To get compliance for the whole system every implementation of the crypto and hash functions would have to be certified. This is an expensive and time-consuming process. The alternative is to use everywhere the same implementation. This is what a change to libcrypt now allows.
Since NSS is already certified we can just use the implementation of the hash functions from the NSS libraries in the implementation of crypt(3) in libcrypt. Bob Relyea implemented a set of new interfaces in the libfreebl3 library to allow the necessary low-level access and freed libfreebl3 from dependencies on NSPR.
By default libcrypt is built as before. Only with the appropriate configure option is libfreebl3 used. There are no visible changes (except the dependency on libfreebl3) so users should not have to worry at all.
Combine this with the new password hashing I’ve developed almost two years ago and we have now fully certified password handling.
printf hooks
Certain special interest groups subverted the standardization process (again) and pressed through changes to introduce in the C programming language extensions to support decimal floating point computations. 99.99% of all the people will never use this stuff and still we have to live with it.
I refuse to add support for this to glibc because these extensions are not (yet) in the official language standard. And maybe even after that we’ll have it separately.

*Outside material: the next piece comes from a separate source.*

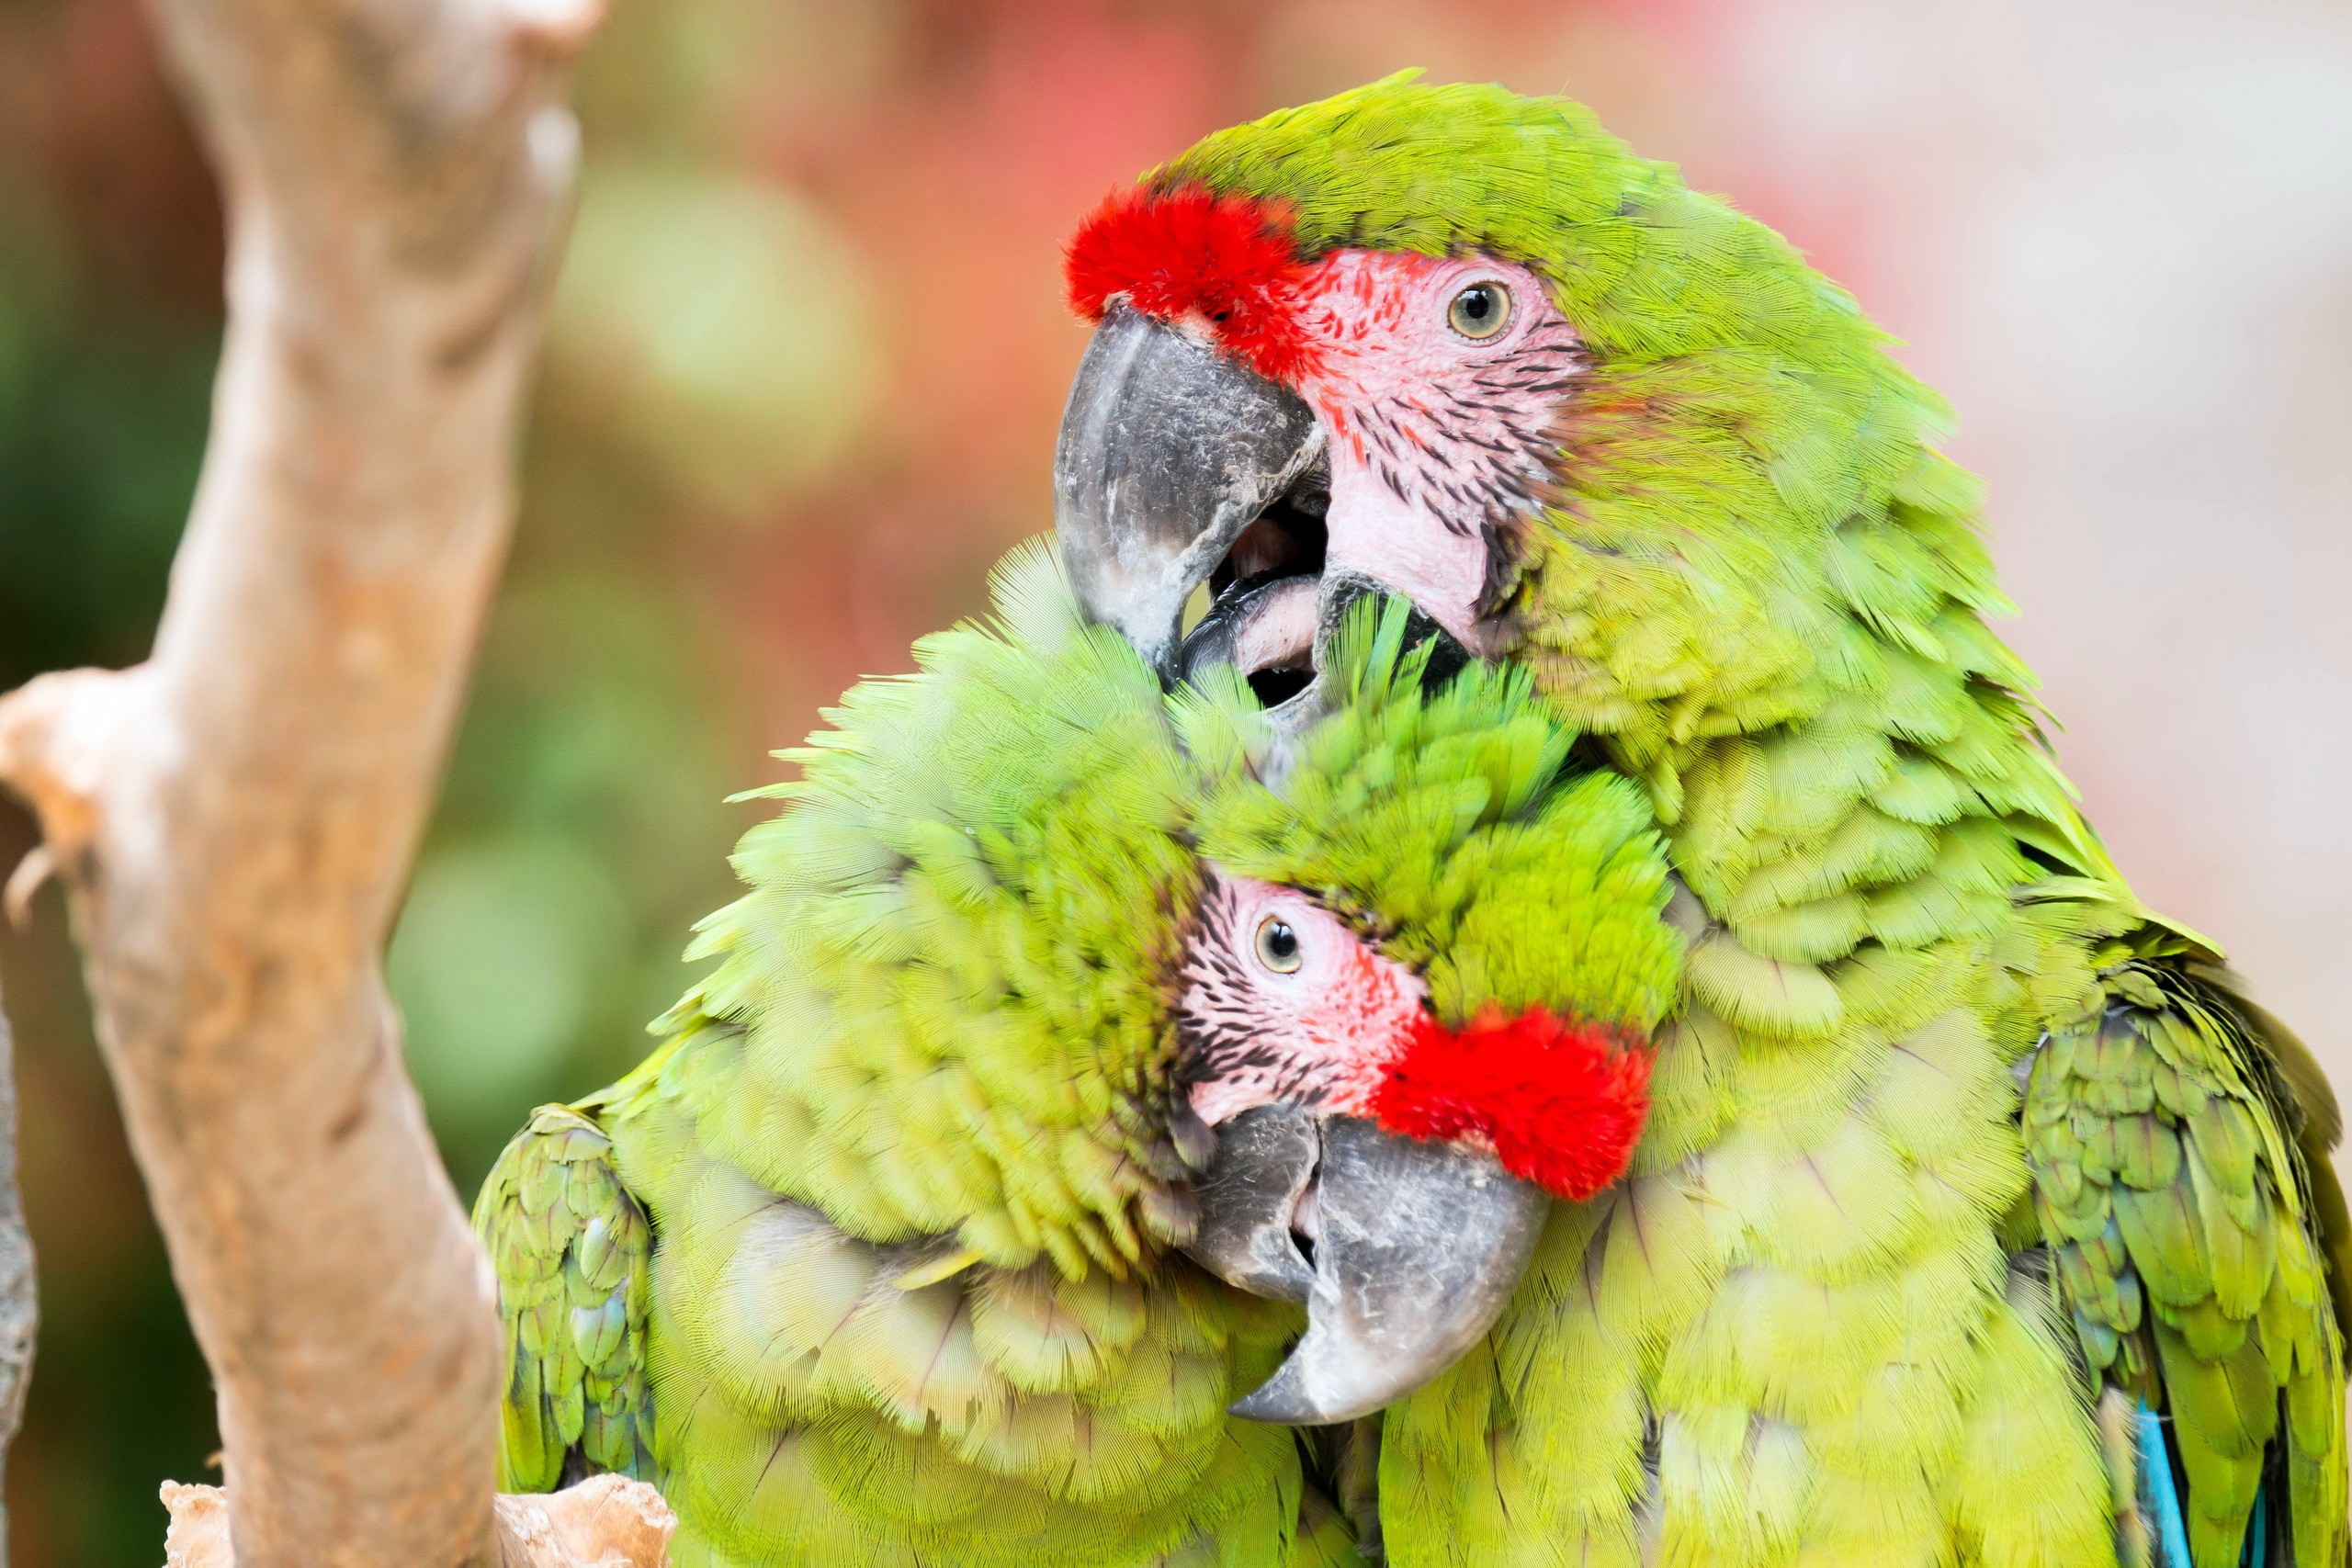 General 2560x1707 animals birds parrot colorful

But the DFP extension call for support in printf. The normal floating-point formats cannot be used. New modifiers are needed.
The printf in glibc has for the longest time a way to extend it. One can install handlers for additional format specifiers. Unfortunately, this extension mechanism isn’t generic enough for the purpose of supporting DFP.
After a couple of versions of a patch from Ryan Arnold I finally finished the work and added a generic framework which allows installing additional modifiers and format specifiers.
int register_printf_specifier (int, printf_function, printf_arginfo_size_function) int register_printf_modifier (wchar_t *) int register_printf_type (printf_va_arg_function)
With these interfaces DFP printing functions can live outside glibc and still work as if the support were built in. For an example see my code to print XMM values.
malloc scalability
A change which is rather small in the number of lines it touches went in to make malloc more scalable. Before, malloctried to emulate a per-core memory pool. Every time when contention for all existing memory pools was detected a new pool is created. Threads stay with the last used pool if possible.
This never worked 100% because a thread can be descheduled while executing a malloc call. When some other thread tries to use the memory pool used in the call it would detect contention. A second problem is that if multiple threads on multiple core/sockets happily use malloc without contention memory from the same pool is used by different cores/on different sockets. This can lead to false sharing and definitely additional cross traffic because of the meta information updates. There are more potential problems not worth going into here in detail.
The changes which are in glibc now create per-thread memory pools. This can eliminate false sharing in most cases. The meta data is usually accessed only in one thread (which hopefully doesn’t get migrated off its assigned core). To prevent the memory handling from blowing up the address space use too much the number of memory pools is capped. By default we create up to two memory pools per core on 32-bit machines and up to eight memory per core on 64-bit machines. The code delays testing for the number of cores (which is not cheap, we have to read /proc/stat) until there are already two or eight memory pools allocated, respectively.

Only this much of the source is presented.